On 2020-02-15 11:21, Jerin Jacob wrote:
> On Fri, Jan 17, 2020 at 4:24 PM Jerin Jacob <jerinjac...@gmail.com> wrote:
>> On Fri, Jan 17, 2020 at 4:00 PM Mattias Rönnblom
>> <mattias.ronnb...@ericsson.com> wrote:
>>>> LTTng kernel tracing only needs kmod support.
>>>> For the userspace tracing at minium following libraries are required.
>>>>
>>>> a) LTTng-UST
>>>> b) LTTng-tools
>>>> c) liburcu
>>>> d) libpopt-dev
>>> This "DPDK CTF trace emitter" would make DPDK interoperate with, but
>>> without any build-time dependencies to, LTTng. Correct?
>> Yes.

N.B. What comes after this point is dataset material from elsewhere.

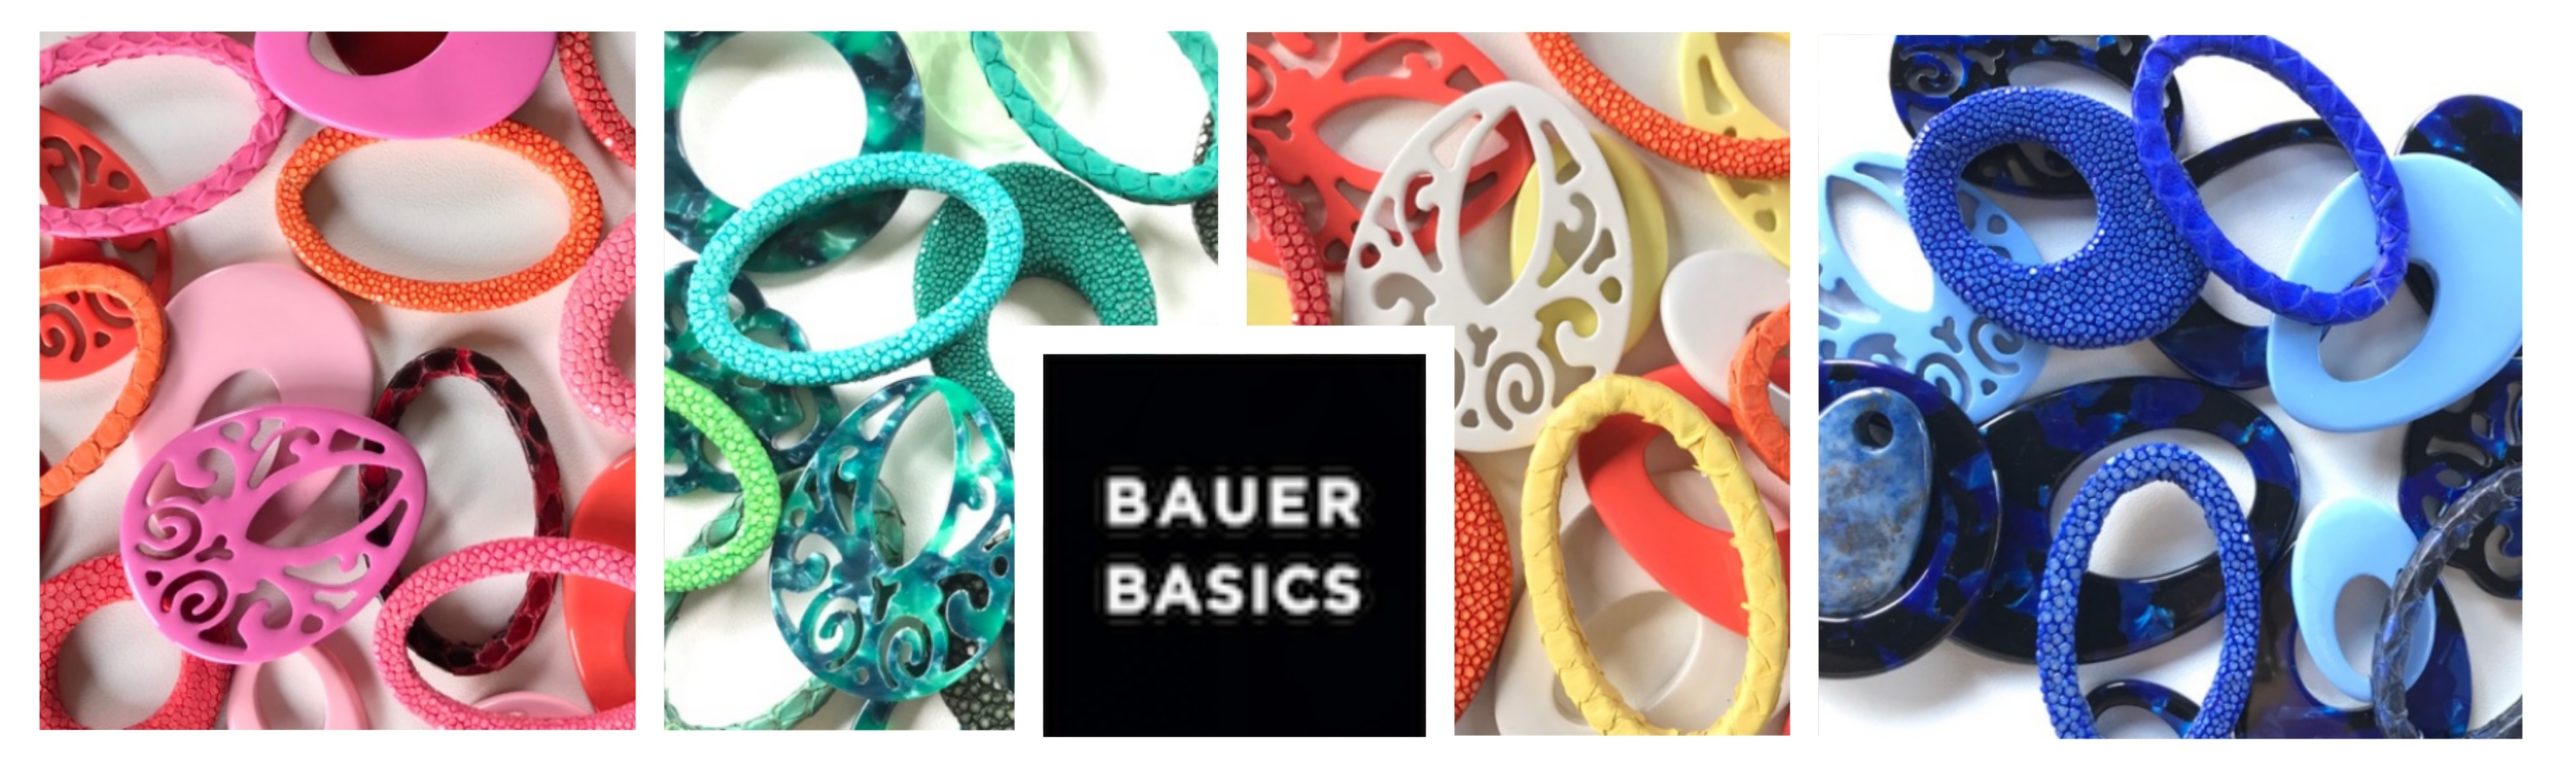 banner Bauer Basics

Native CTF trace emitter without LTTng dependency.
>>
>>> Do you have any idea of what the performance benefits one would receive
>>> from having something DPDK native, compared to just depending on LTTng UST?
>> I calibrated LTTng cost and pushed the test code to github[1].
>>
>> I just started working on the DPDK native CTF emitter.
>> I am sure it will be less than LTTng as we can leverage hugepage, exploit
>> dpdk worker thread usage to avoid atomics and use per core variables,
>> avoid a lot function pointers in fast-path etc
>> I can share the exact overhead after the PoC.
> I did the almost feature-complete PoC. The code shared in Github[1]
> The documentation and code cleanup etc is still pending.
>
> [1]
> https://protect2.fireeye.com/v1/url?k=74b2fae0-283b556d-74b2ba7b-0cc47ad93de2-2bd7c54f29450187&q=1&e=2ef0a614-dea6-4d17-ab4e-a79a7c17ac73&u=https%3A%2F%2Fgithub.com%2Fjerinjacobk%2Fdpdk-trace.git
>
> trace overhead data on x86:[2]
> # 236 cyles with LTTng(>100ns)
> # 18 cycles(7ns) with Native DPDK CTF emitter.
>
> trace overhead data on arm64:
> # 312 cycles to 1100 cycles with LTTng based on the class of arm64 CPU.
> # 11 cycles to 13 cycles with Native DPDK CTF emitter based on the
> class of arm64 CPU.
>
> 18 cycles(on x86) vs 11 cycles(on arm64) is due to rdtsc() overhead in
> x86. It seems rdtsc takes around 15cycles in x86.
>
> # The Native DPDK CTF trace support does not have any dependency on
> third-party library.
> The generated output file is compatible with LTTng as both are using
> CTF trace format.
>
> The performance gain comes from:
> 1) exploit dpdk worker thread usage model to avoid atomics and use per
> core variables
> 2) use hugepage,
> 3) avoid a lot function pointers in fast-path etc
> 4) avoid unaligned store for arm64 etc
>
> Features:
> - APIs and Features are similar to rte_log dynamic framework
> API(expect log prints on stdout vs it dumps on trace file)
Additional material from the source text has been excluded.